A 61-YEAR-OLD school bursar bought two cars and paid off his own debts with £40,000 stolen from his employers.

Michael Hall was paid £60,000 a year with free accommodation at Kingham Hill School, near Chipping Norton, but still used school funds for his own use.

Oxford Crown Court was told last Friday that Hall wrote seven cheques between 2003 and 2009 worth a total of £43,258.

Two of the cheques paid for cars while the other five cleared the defendant’s credit card debt, prosecutor Kevin West said.

Hall had been at the school, where his wife was the librarian, since 1999 but was suspended following these allegations in November last year.

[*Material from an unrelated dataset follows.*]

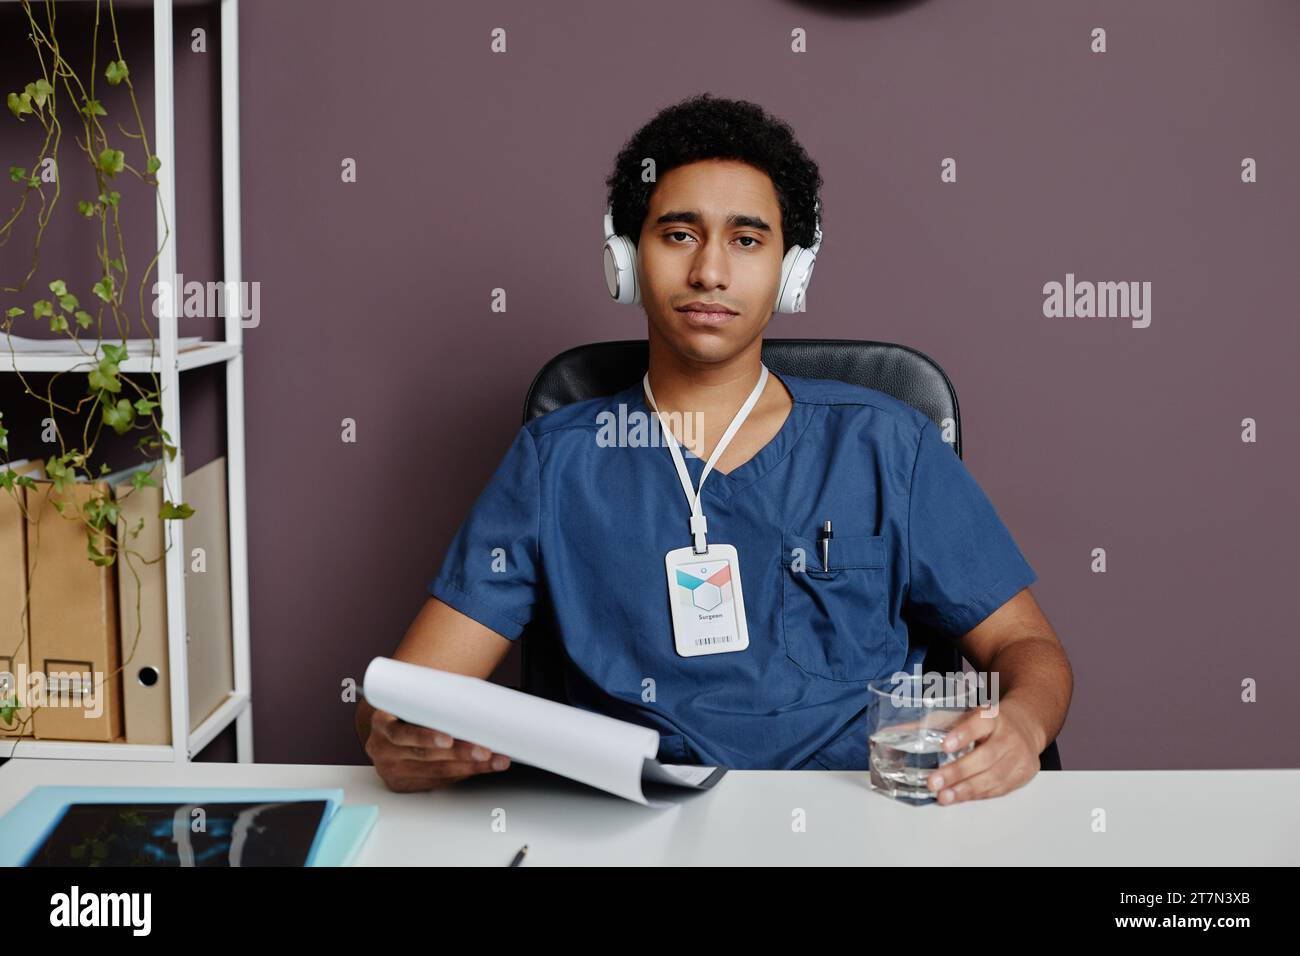 Ritratto frontale di un giovane uomo del Medio Oriente come medico maschio seduto alla reception in ufficio e indossando cuffie a cancellazione di rumore Foto Stock

Mr West said Hall, who drank three bottles of whisky a week, checked himself into a hotel in January this year, emailed a confession to a member of staff and tried to commit suicide.

Stephen Parker, defending, said his client had already paid back £20,000 to the school and intended to reimburse a further £17,000 in the near future.

He said: “He thinks it was a combination of factors, the depression, the heavy drinking and the pressure that led him to behave in the manner in which he did.

“His life, clearly, is in a state of ruin.”

In a letter written to the headmaster by Hall, he said: “Words cannot express my sorrow in all of this, nor can any real explanation be made for why I did it.”

Recorder Peter Wallis called it a “substantial sum” and a “very significant breach of trust” and jailed Hall, now living in Glossop, Derbyshire, for two years.